11.16.2009

animal vegetable miracle

Barbara Kingsolver’s 2007 Animal, Vegetable, Miracle – A Year of Food Life promotes a non-vegan approach to sustainability, environmentalism, the humane treatment of animals, and health. This love story between Kingsolver’s family and local food follows a year-long “experiment” in which the Kingsolver-Hopps consume only what can be found within 100 miles of their Appalachian home. They do make a few exceptions for items like coffee and olive oil, but the majority of what they eat comes from their own back yard. Intimately knowing the source of our food is empowering and important for supporting independent growers with sound practices, ensuring the quality of the food we eat, and avoiding the massive amount of fossil fuels used to transport non-local foods. Kingsolver’s effortless descriptions of planting heirloom seeds, laboriously tending to her garden, harvesting beautiful, organic produce, and canning it to sustain her family through the winter made me want to put on my gardening gloves and dig in.

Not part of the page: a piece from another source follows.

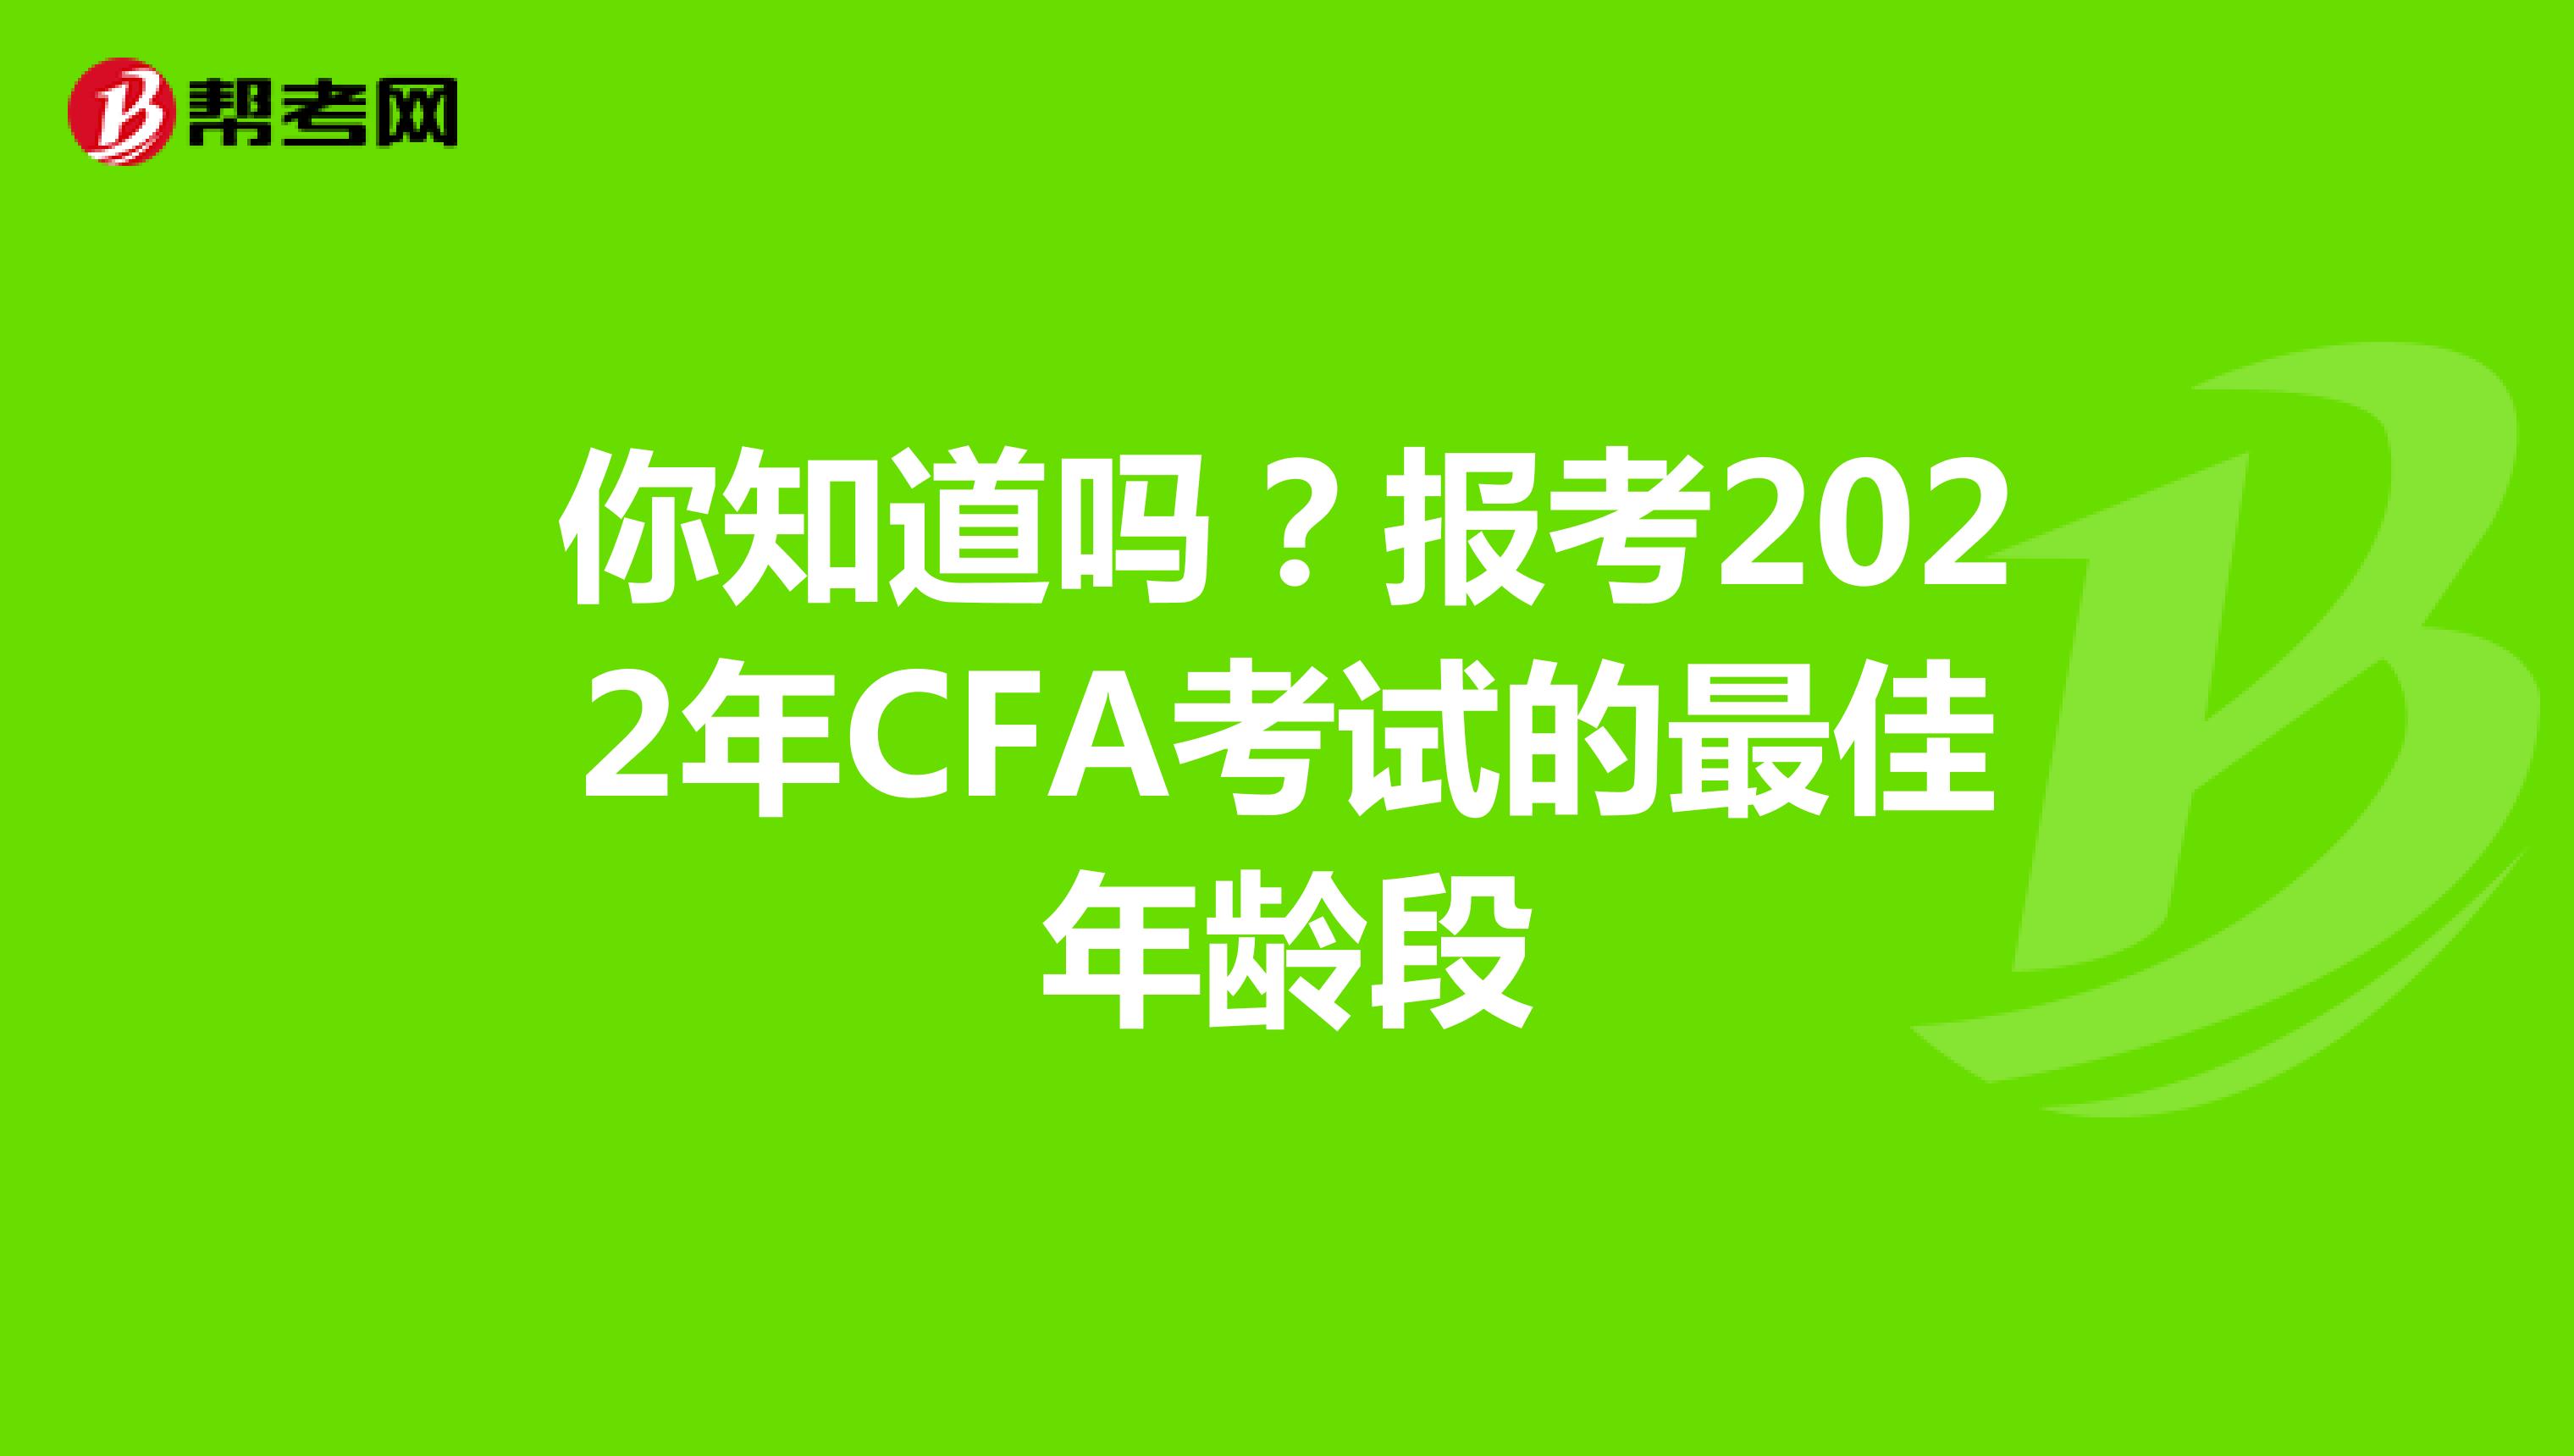 你知道吗？报考2022年CFA考试的最佳年龄段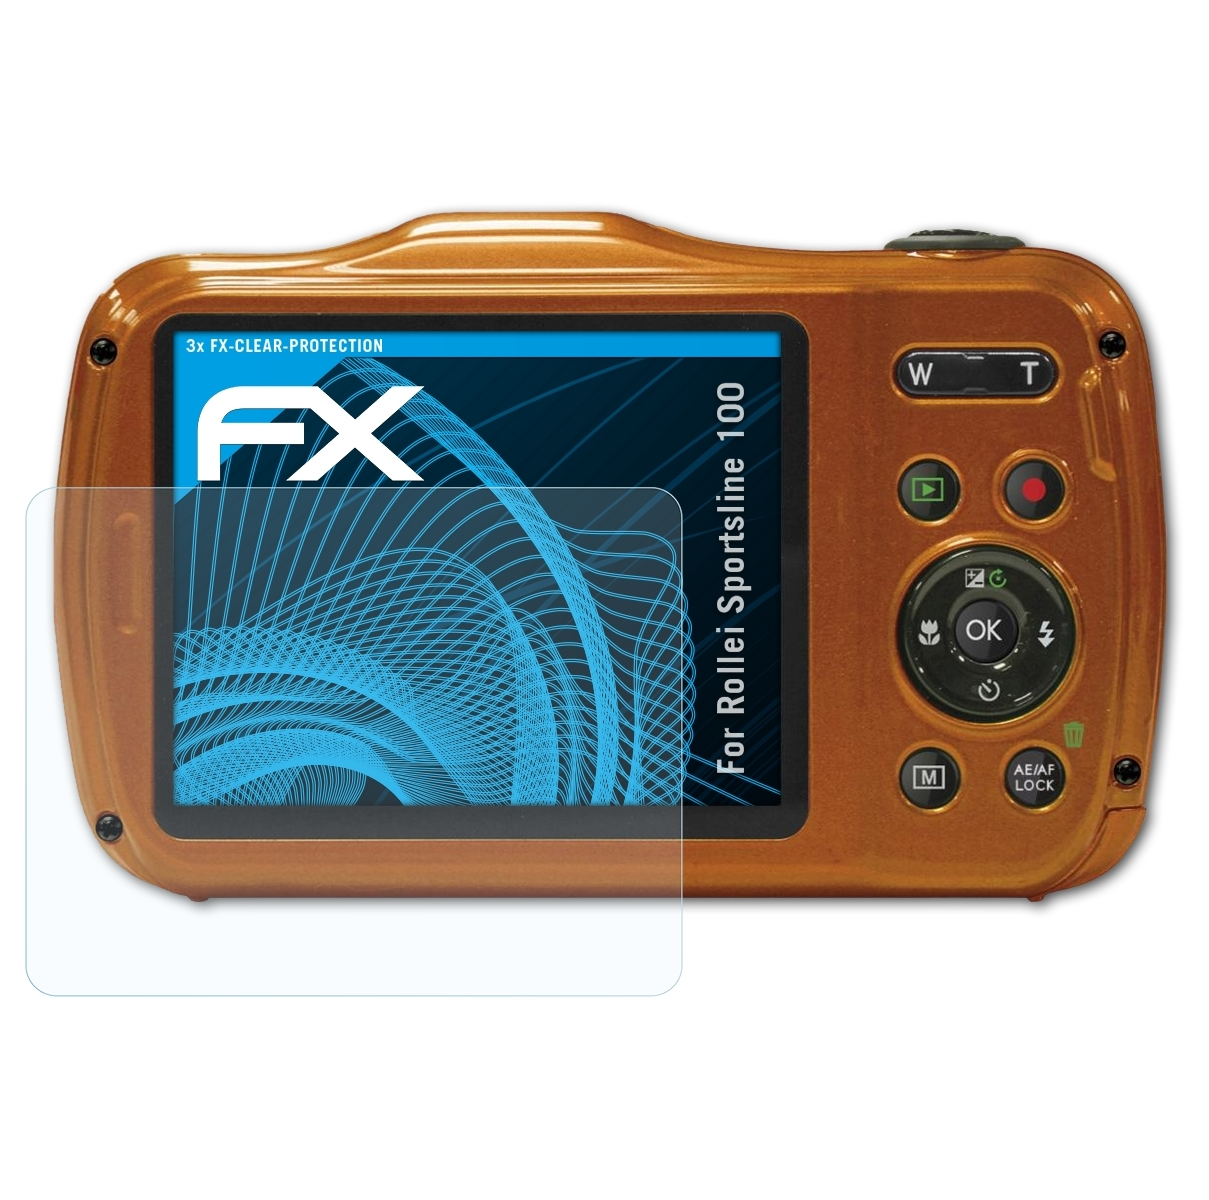 ATFOLIX Rollei 3x FX-Clear Sportsline Displayschutz(für 100)

As I’ve mentioned before, our back yard is less than ideal for a garden. When we first moved into this house we spent hours picking up trash and broken glass from the property. Now, over a year later, bottle caps and bits of glass still surface every time it rains. Yet, I can’t shake the desire to grow my own food. Clearly, many of us do not have the luxury of Kingsolver to dedicate most of our waking hours to gardening and writing about our results. However, there are plenty of other ways to get local food, even if it’s not as local as your back yard.

Visiting the Eat Well Guide at http://www.eatwellguide.org is an easy way to search for businesses in your area that carry or produce local food. The site even allows you to narrow your search to restaurants, co-ops, stores, farms, etc. so that you can find just what you’re looking for.

There are also plenty of great resources about urban gardening and gardening in small spaces, if you don’t live on garden-friendly land. Ultimately, we plan to move to a different home where we have plenty of space for a garden. In the mean time, I hope to try a few plants in the windowsill.

Kingsolver also raises and slaughters her own Heritage turkeys, which is clearly a positive alternative to supporting the producers of genetically modified, tortured, deprived, growth hormone and antibiotic stuffed Butterball birds. If you eat animals, seeking out local farms that raise heritage turkeys in the way Kingsolver does and choosing to support them rather than the national corporations who run thousands of factory farms, is a great way vote for sustainability with your wallet. Companies are only as strong as consumers allow them to be. I hope that curling up with Animal, Vegetable, Miracle will inspire you to challenge your own consumption patterns and perhaps, you’ll find Kingsolver’s narrative to be as dreamy as I did.